I've currently been commenting on twitter and in other places, and mailing the involved professors about the severe problems (shared with many CFS papers) in measuring mental health of fatigued patients.
Email to the lead investigators.

I write with severe concerns on the preprint with the mental health scales used.
I feel these are severe enough to make the mental health claims on the preprint unsafe.

To quote from a comment now posted on the preprint:
'This studies depression and anxiety measures assume a healthy patient.

'little energy', 'trouble concentrating' 'moving slowly' = a minimum score of 3 due to physical symptoms of longcovid/fatigue. If very exhausted, this can easily rise into the 'severely depressed' range.

It is not unreasonable to use the PHQ-9 or similar as a screening measure of disease severity.

To use it in a patient population suffering from fatigue, concentration problems, ... is guaranteed to cross-read between those symptoms and anxiety - it is useless without a careful assessment of each question to find if you are measuring MH, or physical symptoms, and finding an appropriate threshold for the MH scale for each physical symptom group.

It absolutely cannot justify sentances such as "The physical, cognitive and mental health burden experienced by COVID-19 survivors was considerable. This included symptoms of anxiety and depression in a quarter" without much more work, as it will lead to the conclusion that treating depression may benefit the patient when there is no depression, and it's a scale artifact.

PHQ9 and similar scales are designed for patients without significant physical comorbidities to the mental state they are trying to measure. The normal scale cuts are only valid for this purpose.I have not investigated the particular PTSD scale used, but similar concerns arise.

I note similar concerns to those raised with the C-MORE paper.'

I feel this is more than a purely technical issue.I am a patient with me/cfs, a possibly related fatiguing condition and this class of error has been usual in many papers, and has lead in part to ( the now removed in draft NICE guidance)

CBT/GET/lightning process being offered for that condition, as the argument is made that treating the anxiety and depression (which is at least in part a scale artifact) will be curative.



I posted at study outset on this, which was either unnoticed or ignored.



Thank you.​

It is depressing this class of error is very, very common in ME/CFS and other fatiguing conditions.

 

[rogerblack]

I've currently been commenting on twitter and in other places, and mailing the involved professors about the severe problems (shared with many CFS papers) in measuring mental health of fatigued patients.
...
It is depressing this class of error is very, very common in ME/CFS and other fatiguing conditions.

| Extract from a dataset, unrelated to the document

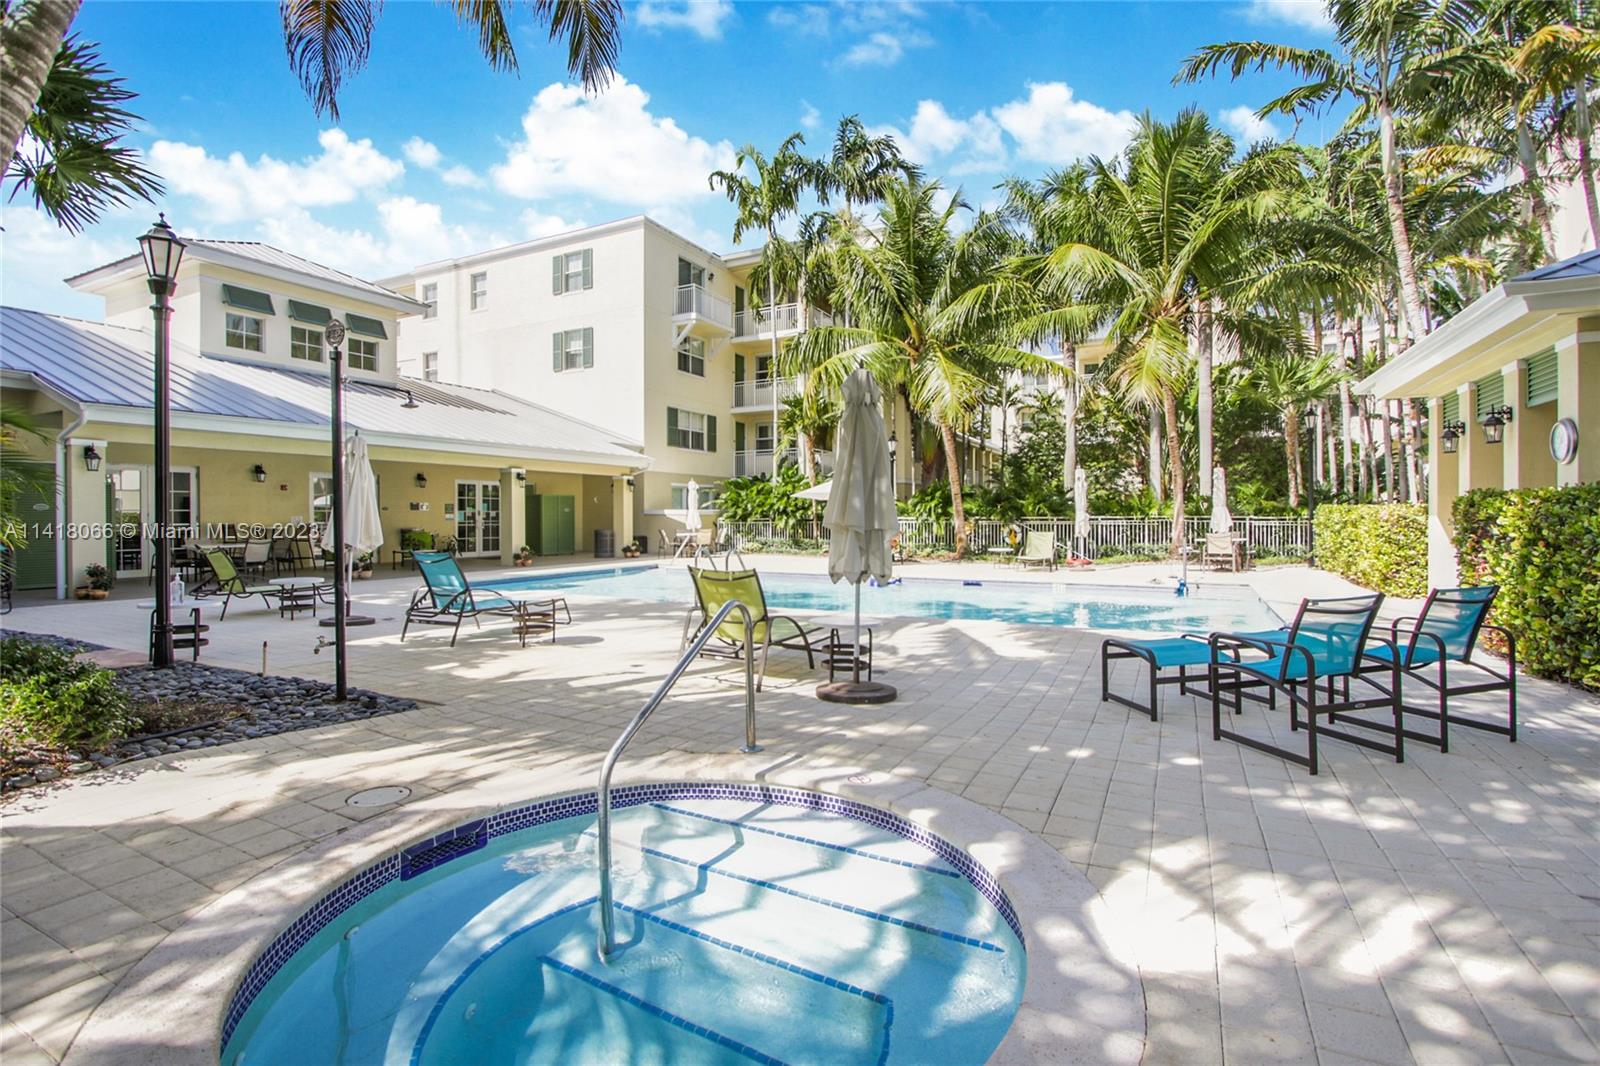 Largest 2,226 sq. ft. unit at The Reserve of Pinecrest, Key West style gated community consisting of only 68 units. First floor 4BD/3.5BA 2 story townhouse style unit w/one bedroom on the first floor. Beautiful kitchen w/granite counters, cherry wood cabinets, laundry room, pantry & storage closets. Second-floor Primary bedroom suite w/two walk-in closets, separate shower & spa tub. Two private balconies & covered patio. Impact glass. Heated pool, jacuzzi, clubhouse & gym. Parking garage w/elevators. Pinecrest Elementary.
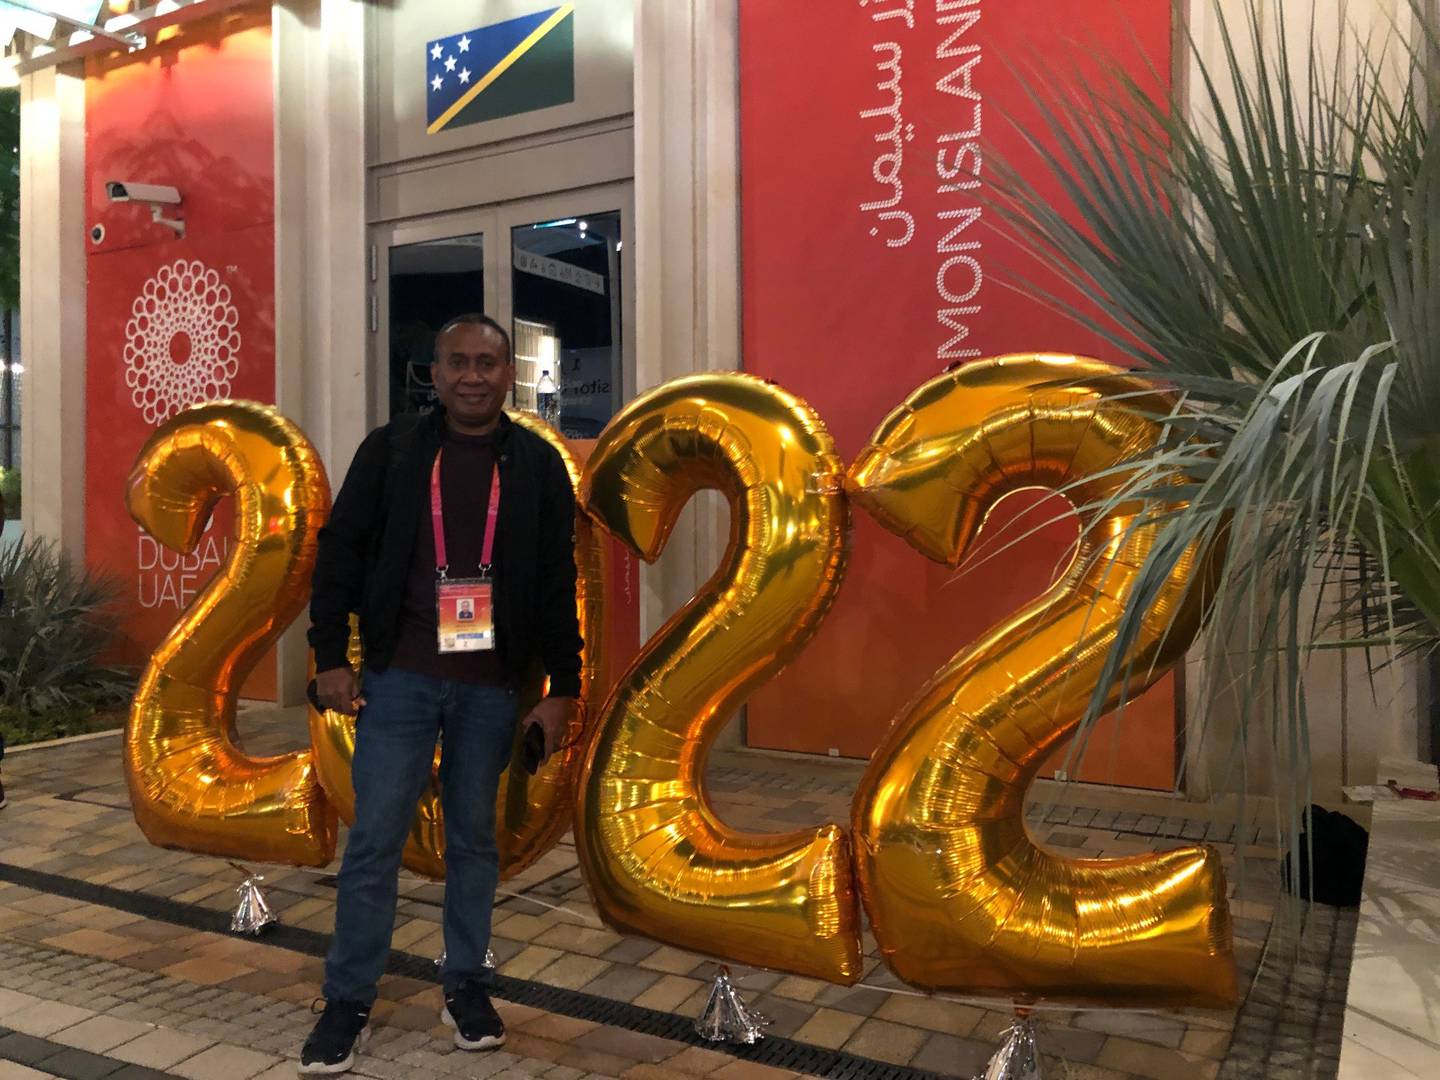 Dennis Marita from the Solomon Islands, one of the first nations to celebrate 2022 at 5pm in Dubai. Nicholas Webster / The National

https://www.bmj.com/content/372/bmj.n829/rapid-responses Response to BMJ article.

Mental Health Mismeasurement.

Dear Editor
In common with an unfortunately many papers on physically debilitating conditions, this paper uses standard mental health tools (PHQ9,...) with the normal recommended cuts for a healthy patient.

At the same time as measuring significant physical disability to the point many patients have had to give up work, or reduce work, the scales used uncritically ask patients 'Do you enjoy the things you used to do' and 'Are you worried about your health'.
These answers supposedly inform on mental health.

All of the MH tools used need careful thought to see what the appropriate baseline that would be expected given the persons physical condition.

Using the standard cuts makes as much sense as concluding that people with one leg are at high risk of low blood pressure following asking them 'do you wobble when you standup'.

This is more than an academic issue. This mismeasurement gets swallowed into meta analysis, where it is even further distanced from verification, and then may be used to drive treatment policy based on the fact that anxiety/depression is a meaningful component of the illness.

The 5 day old email to the three apparent lead authors has not been answered or acknowledged.
At a week in, barring changes to the paper, or an acknowledgement, I'll try a reminder.